*Task item*:
Please write the listing below out again exactly, leaving every picture behind.

*Provided material*:
'''
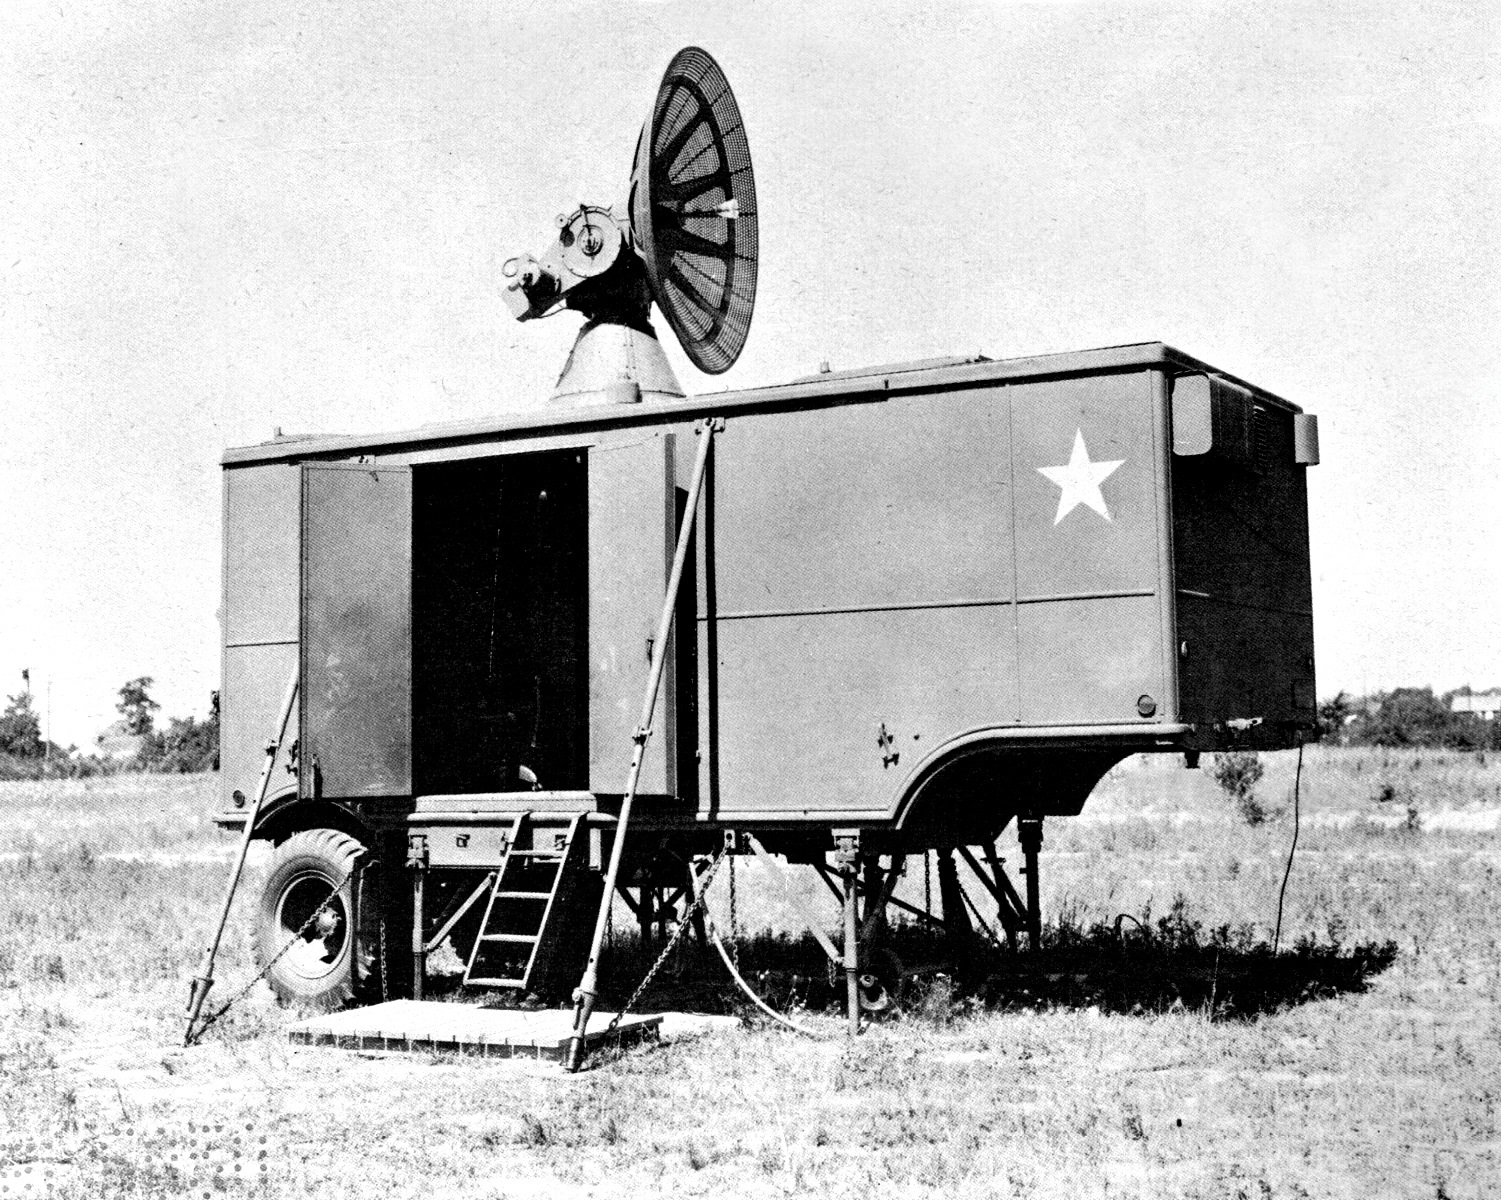 A photograph of a trailer carrying the SCR-584 radar system. 
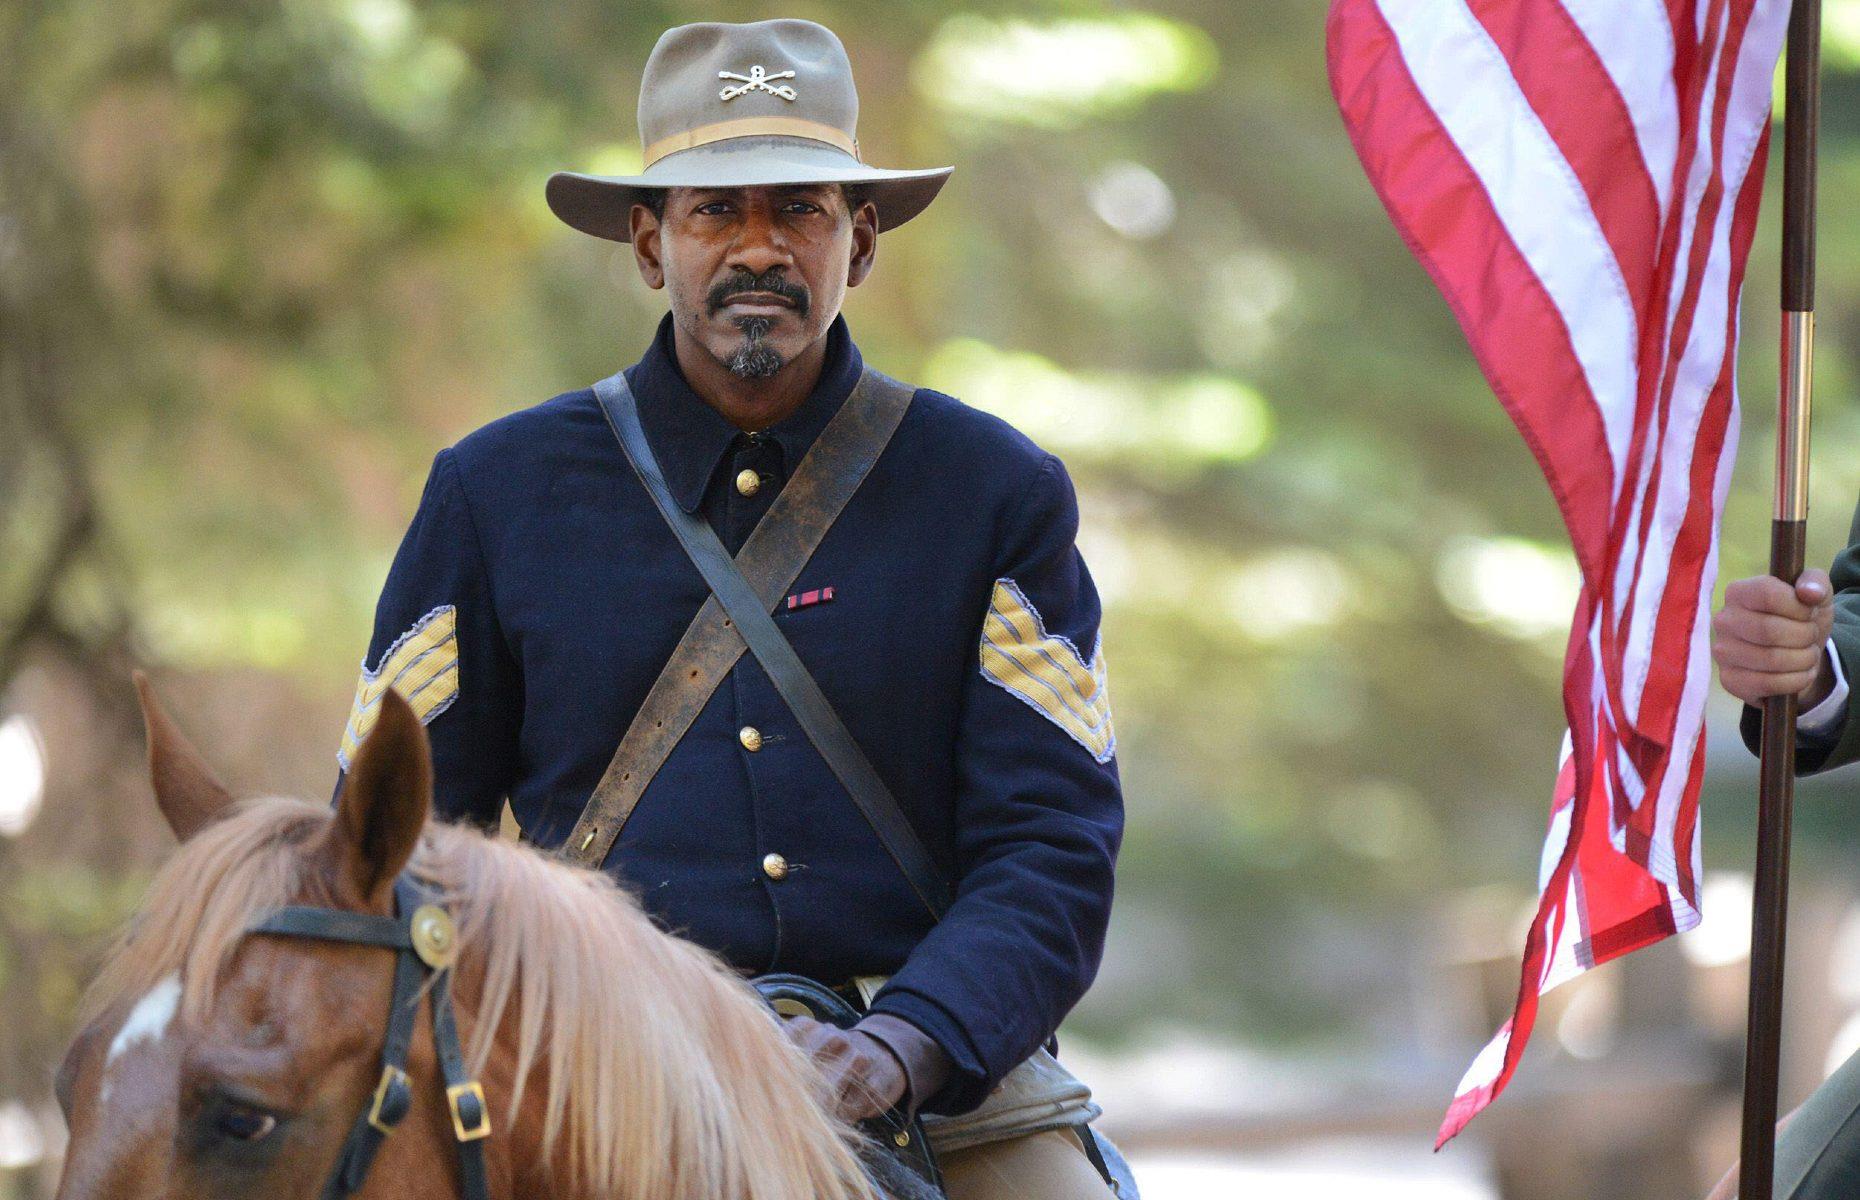 <p>Before the emergence of America’s National Park Service (NPS) in 1916, looking after Yosemite fell to the military, often to so-called buffalo soldiers. These men were African-American veterans of the Spanish-American War who, while serving overseas in rainy conditions, had learned to pinch their domed, wide-brimmed hats into symmetrical quadrants to keep water out of their faces. This 'Montana Peak' style continued when the soldiers began managing Yosemite, and was eventually incorporated into the official NPS ranger uniform. In this photo, Yosemite ranger Shelton Johnson wears the uniform of a buffalo soldier on the 150th anniversary of the Yosemite Grant.</p>
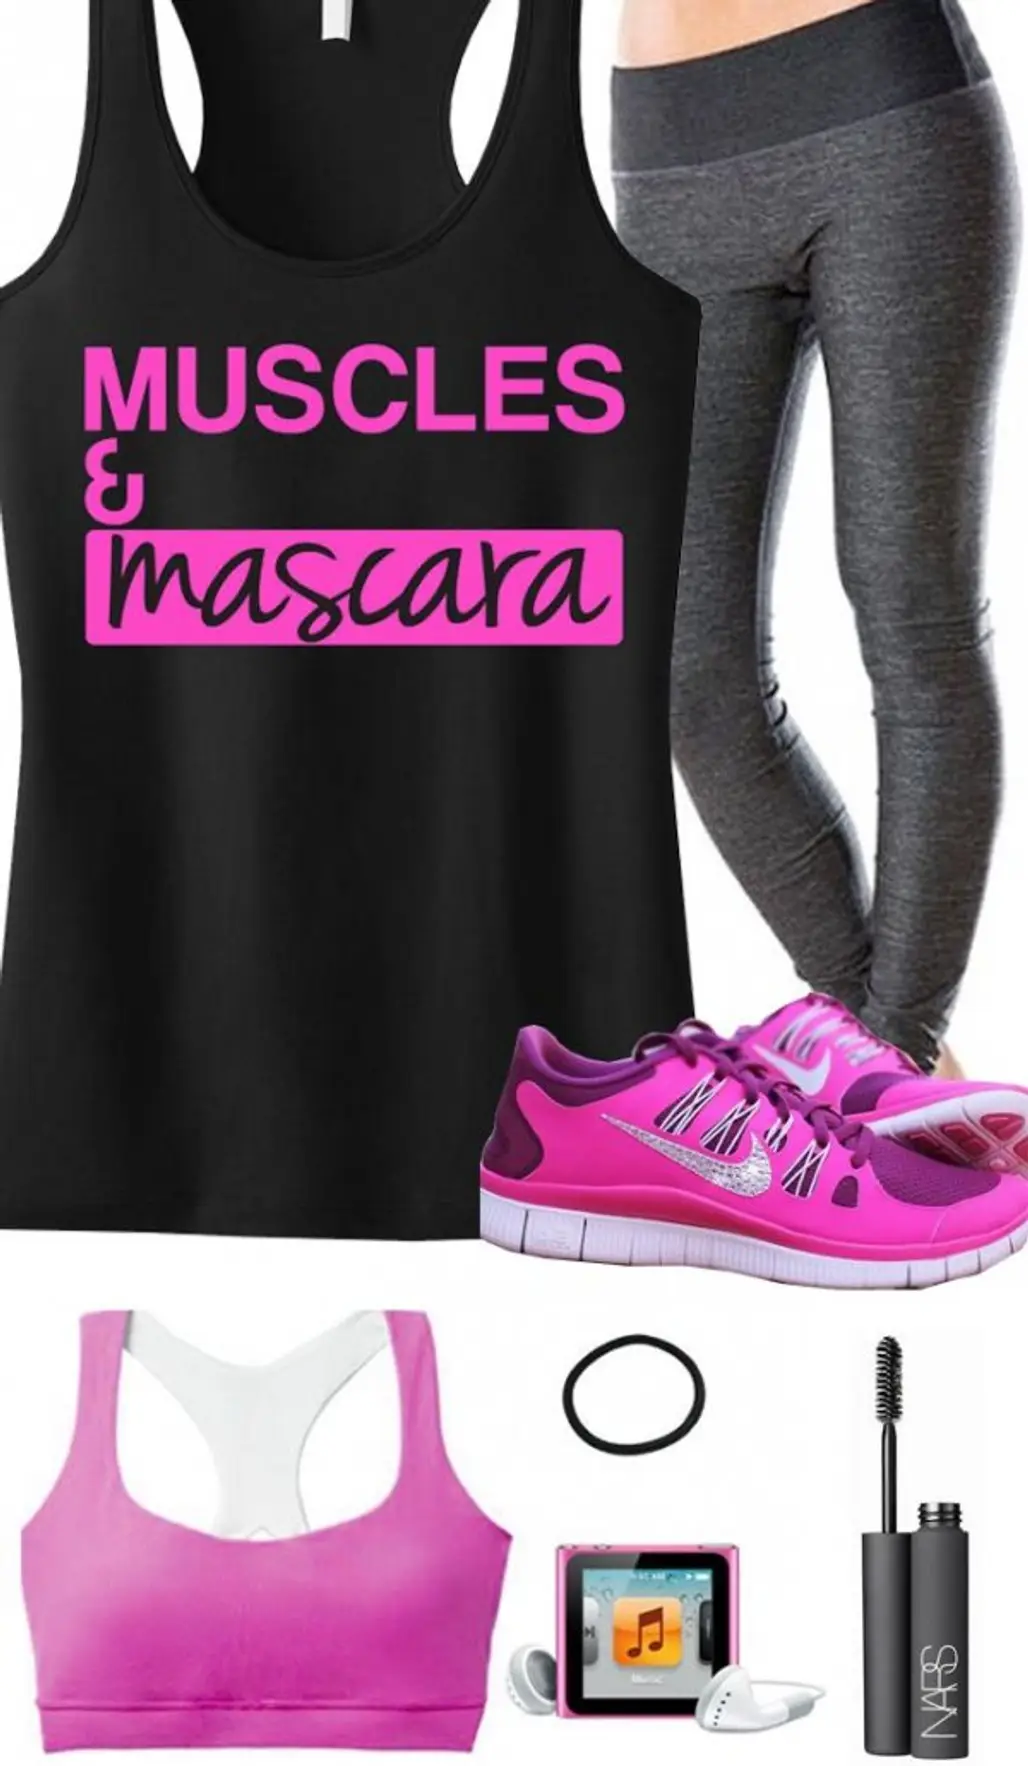 Confecciones,clothing,pink,sleeve,product,
'''
*Exercise result*:
 A photograph of a trailer carrying the SCR-584 radar system. 
 <p>Before the emergence of America’s National Park Service (NPS) in 1916, looking after Yosemite fell to the military, often to so-called buffalo soldiers. These men were African-American veterans of the Spanish-American War who, while serving overseas in rainy conditions, had learned to pinch their domed, wide-brimmed hats into symmetrical quadrants to keep water out of their faces. This 'Montana Peak' style continued when the soldiers began managing Yosemite, and was eventually incorporated into the official NPS ranger uniform. In this photo, Yosemite ranger Shelton Johnson wears the uniform of a buffalo soldier on the 150th anniversary of the Yosemite Grant.</p>
 Confecciones,clothing,pink,sleeve,product,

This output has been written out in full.